Punters should keep an eye on JKX Oil & Gas this week. The oil explorer will update the market on how drilling has gone at its Civita prospect in Italy and stock market gossips reckon it will not disappoint. The group is developing the site via a joint venture with the Italian oil giant ENI. JKX shares have been an outstanding performer over the past 12 months - they have soared by 300 per cent - and if the latest gossip proves to be correct they should continue to gain ground.

A legend returns

Legendary investments is active again. The AIM listed investment group, run and 40 per cent owned by Shami Ahmed, the Joe Bloggs entrepreneur, has been lying low over the past few years but now that the appetite for equities has well and truly returned it is again on the hunt for deals.

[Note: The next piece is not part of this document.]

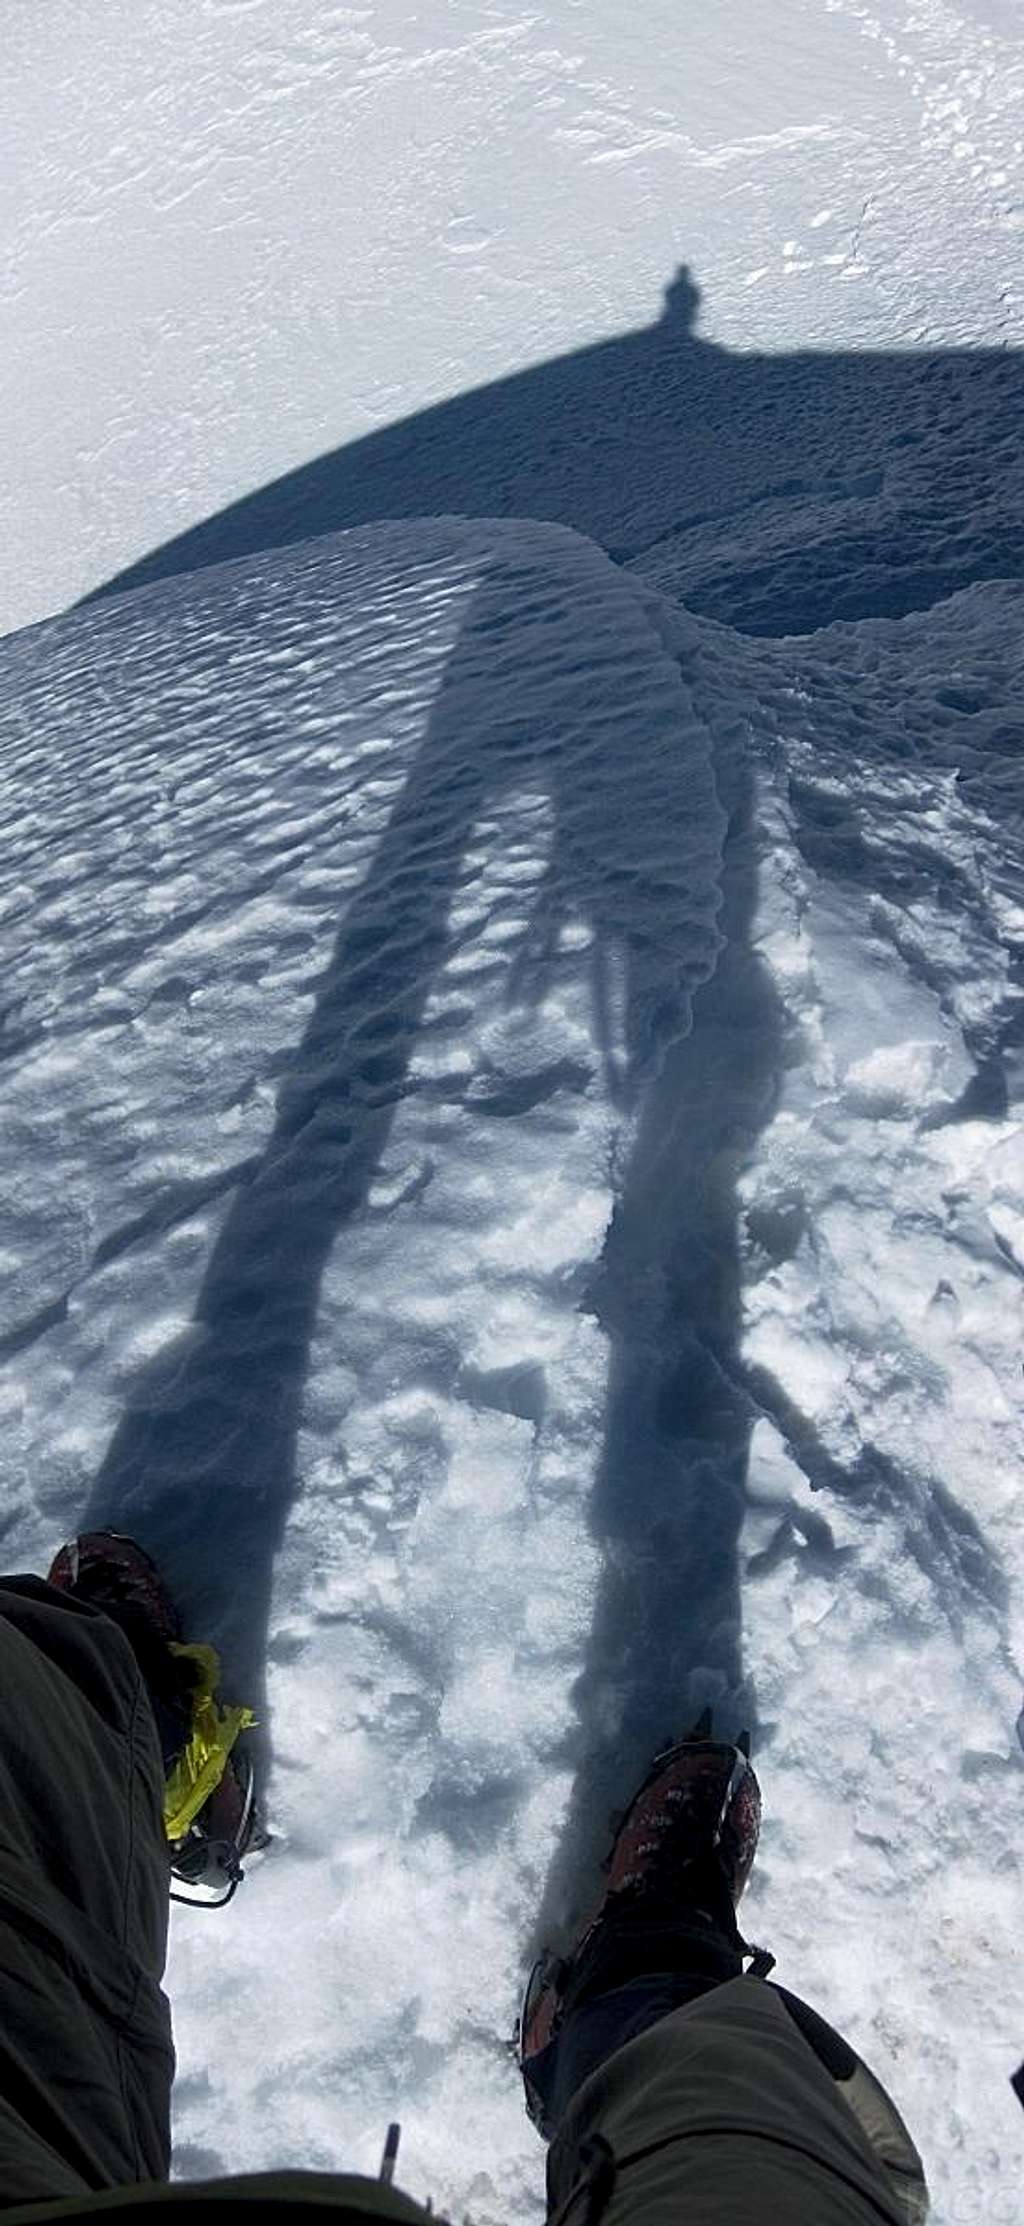 A Looooong shadow <small>- looking down from the summit of Ishinca</small>

Last week Legendary raised £500,000 via a placing at 0.5p, leaving it with cash of more than £1m. It already has a collection of assets, including an 18 per cent stake in Legends Surf Shops and a 5 per cent holding in Accessory People, a mobile phone accessories company estimated to be worth more than £200m. Such assets can be leveraged, giving Legendary extra fire power. So where is the group going to invest? According to a company source, it is looking to get involved in early stage ventures and IPOs and is particularly interested in being involved in the security and defence sectors, given the current global climate.

Moving up a rung

For those on the hunt for a small-cap value play, take a look at HC Slingsby. The Bradford-based ladder maker is valued at just £6.5m but has cash of more than £3.5m on its balance sheet and a robust portfolio of freehold property which has not had a revaluation for some time. According to whispers from one corner of the City, business has started to pick up at Slingsby, after a difficult start to the year, and when the group posts its annual figures next month it should unveil a profit of about £1.2m. That translates into earnings per share of 80p and, at Friday's closing price of 650p, means the stock is trading at eight times earnings.

Nanotech newcomer

Polaron, the nanotechnology company which starts trading this Wednesday, has raised £10.3m through its AIM listing. The share offer will net £7m for the company's founder, Dr Isidore Stelzer, with a further £2.6m earmarked for the expansion of the business which was established 40 years ago. The company's main product is an atom probe developed by two Oxford scientists 17 years ago.